Você gosta de música erudita? – Texto de Fernanda Villas Bôas

Eu adoro e conheço muita gente que detesta. Ou melhor: nunca prestou tanta atenção, mas prefere desgostar de cara para abreviar o trabalho de conferir. A publicidade também ajuda a impopularizar esse gênero. No verão, a Skol, em guerra contra a Nova Schin, lançou a propaganda da "ilha quadrada". Em contraposição à "ilha redonda", a quadrada tinha um bando de paspalhos com Q.I. de paquiderme. O som que rolava na ilha? Música erudita! Na ilha redonda, é claro, rock and roll.

O fato é o seguinte: para quem não costuma ouvir música erudita, esse gênero pode parecer, à primeira vista, datado, depressivo ou restrito a momentos especiais como casamento, solenidade de formatura ou chá beneficente. É um erro. Como poucos gêneros, o erudito, superelaborado, foi composto sob todas as inspirações humanas e, por isso mesmo, é capaz de provocar emoções em todas as faixas de sintonia. Quer alegria genuína? Ouça Bach. Prefere romantismo? Tente Liszt. Algo mais eletrizante? A dica é Wagner. Mozart é especial para se pensar em tudo aquilo que transcende a realidade concreta.

Algumas músicas eruditas também conseguem transportar o ouvinte para regiões inexploradas do inconsciente e extrair dessas regiões forças desconhecidas.
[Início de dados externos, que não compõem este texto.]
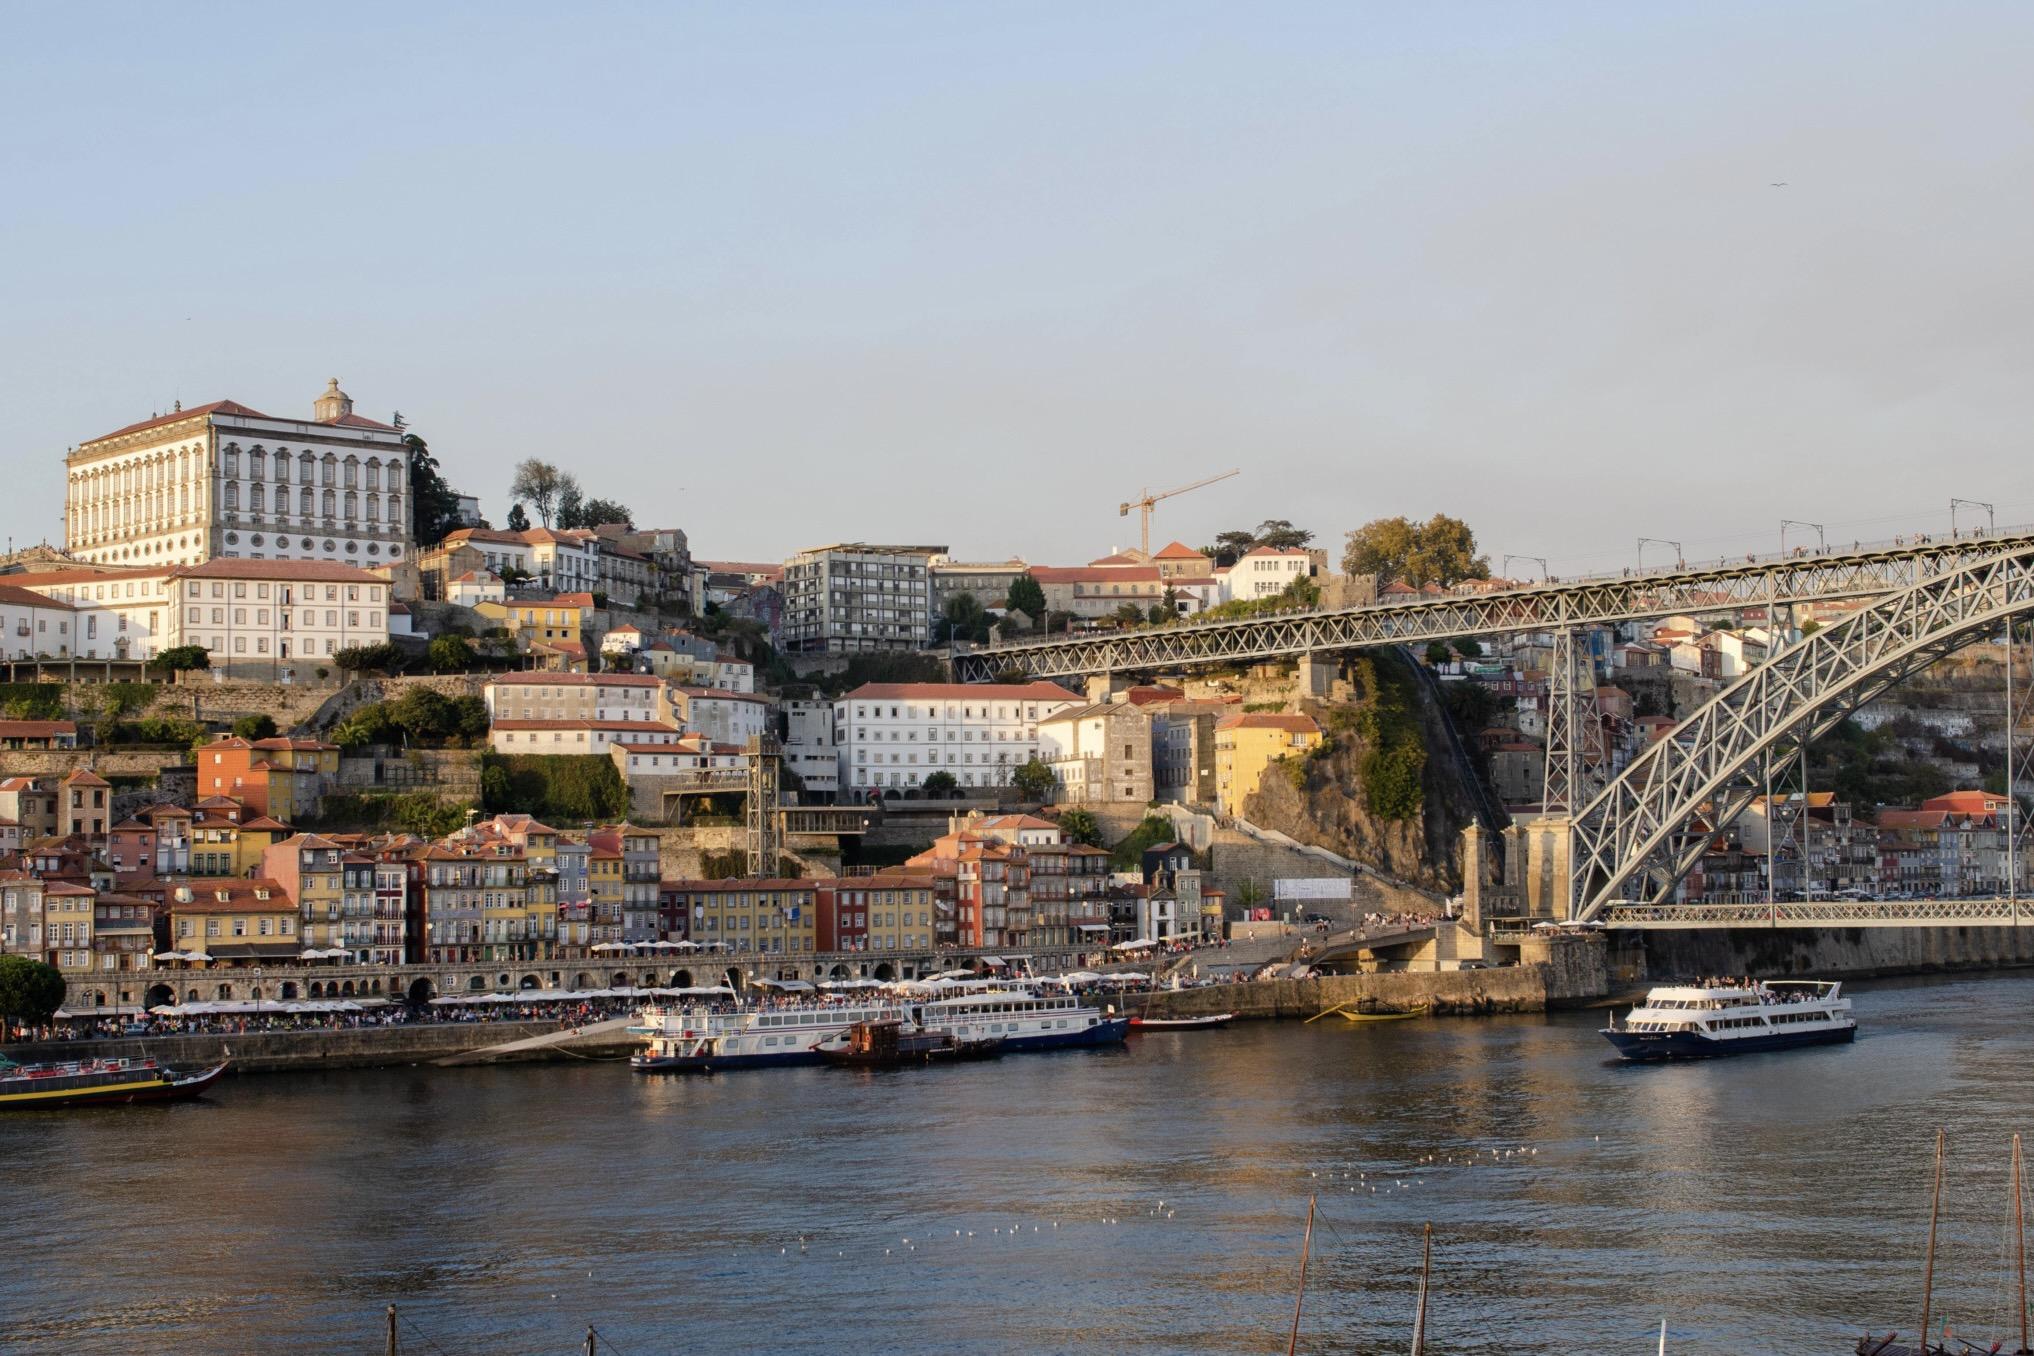 Brücke in Porto in Portugal
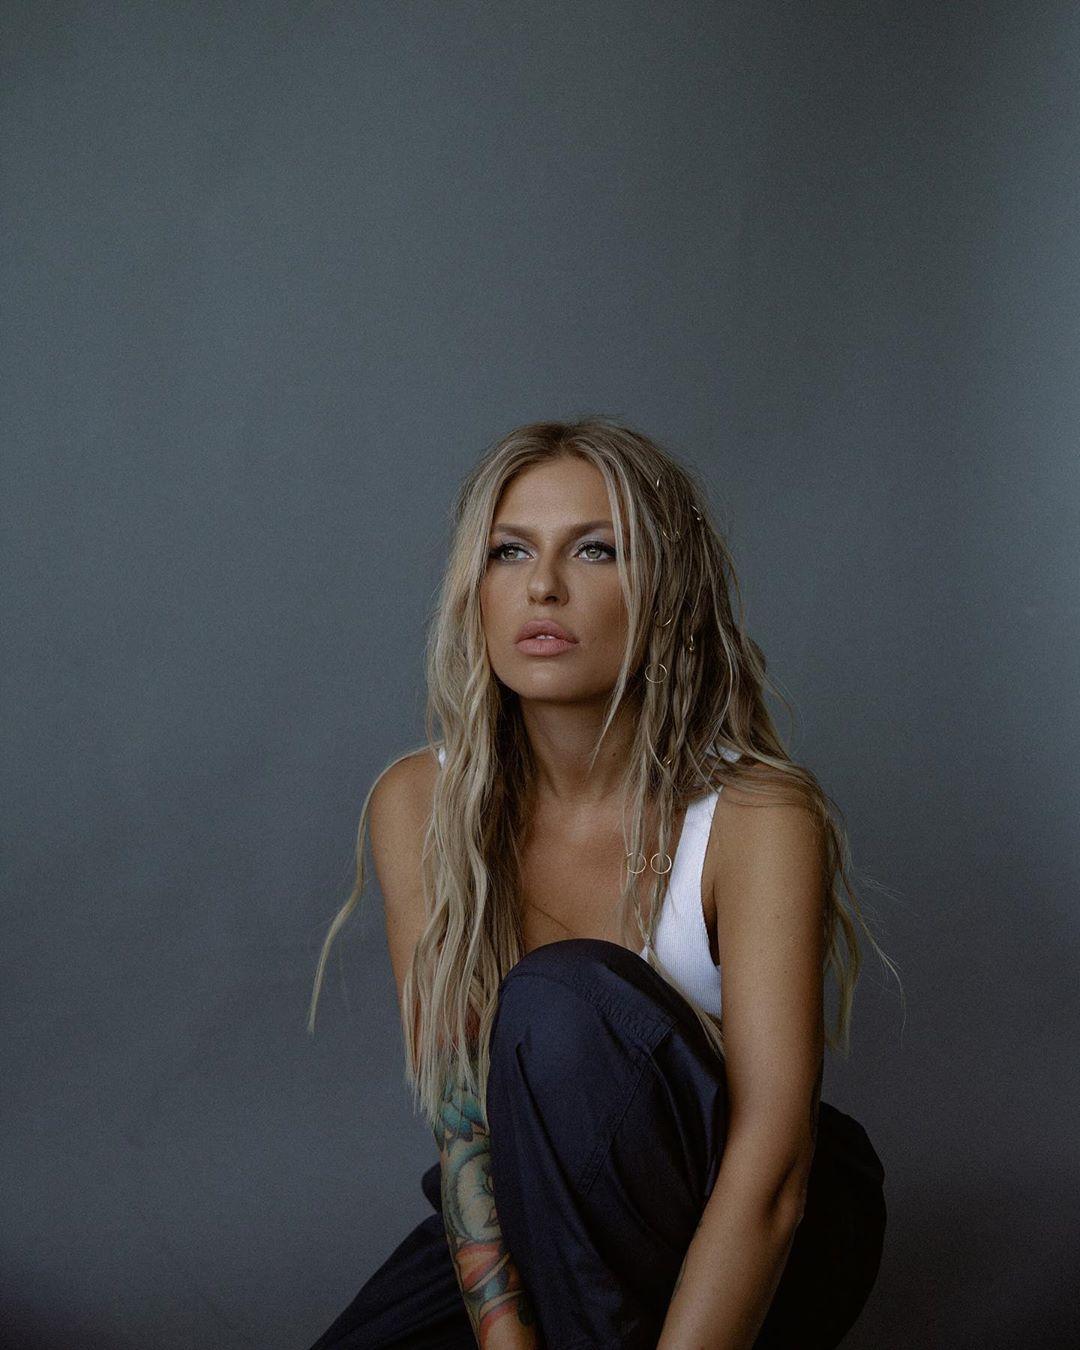 Рита Дакота выпустила новую песню «Армагеддон»

Bolero é uma delas. O compositor Maurice Ravel dizia que Bolero podia ser resumido em "17 minutos de orquestra sem música nenhuma". Isso porque a composição se limita a um tema de oito compassos, que se repetem ao longo dos 17 minutos com diferentes acompanhamentos de orquestra. Acontece que o tema é tão grandioso, que ultrapassa essa repetição pelas imagens mentais que consegue produzir.

Outra composição impressionante é a Nona Sinfonia, uma das mais conhecidas de Beethoven. Ela foi composta quando o autor já estava completamente surdo. Beethoven elaborou mentalmente as harmonias antes de transferir a peça para a partitura. O jornalista Paulo Francis, um grande ouvinte de música erudita, achava a Nona Sinfonia exagerada. Para ele, Beethoven perdeu o senso da "justa medida" com o agravamento do problema auditivo e acabou destoando essa sinfonia do conjunto de sua obra. É um comentário, no mínimo, discutível.

Beethoven tem passagens interessantes em sua vida. Consta que no seu único encontro com o compositor Franz Schubert nenhuma palavra foi dita. Certa vez, Schubert, um tímido incorrigível, compôs uma série de variações sobre uma conhecida música francesa e decidiu presentear Beethoven com a obra. Quando chegou à casa dele, Schubert recebeu do compositor, já bem comprometido pela surdez, um pedaço de papel e um lápis. Beethoven queria que Schubert lhe explicasse um trecho da tal obra. Acontece que ele ficou tão nervoso que saiu da casa do compositor sem dar qualquer justificativa. Claro que os dois nunca mais se viram, especialmente porque Beethoven era um temperamental nato.

Chopin, quem diria, também foi personagem de uma história bizarra ocorrida aqui mesmo no Brasil. Meu pai, testemunha ocular, é quem contava. Imagine a cena: Assis, década de trinta. Na cidadezinha, havia uma pequena livraria e um livreiro prosador e metido a bom conhecedor. Um dia, ele mostrou ao meu avô um livro de um autor alemão com o seguinte comentário: "veja o senhor como esses alemães são danados. Por causa de um passarinho desse "tamaninho", fazem um livro dessa grossura!". E exibiu, orgulhoso, o livro, com letra gótica na capa dura e trezentas e tantas páginas. Era uma biografia de Chopin. Mas para o livreiro, era mesmo um tratado sobre o chupim, o passarinho ordinário que acomoda seus filhotes no ninho do tico-tico.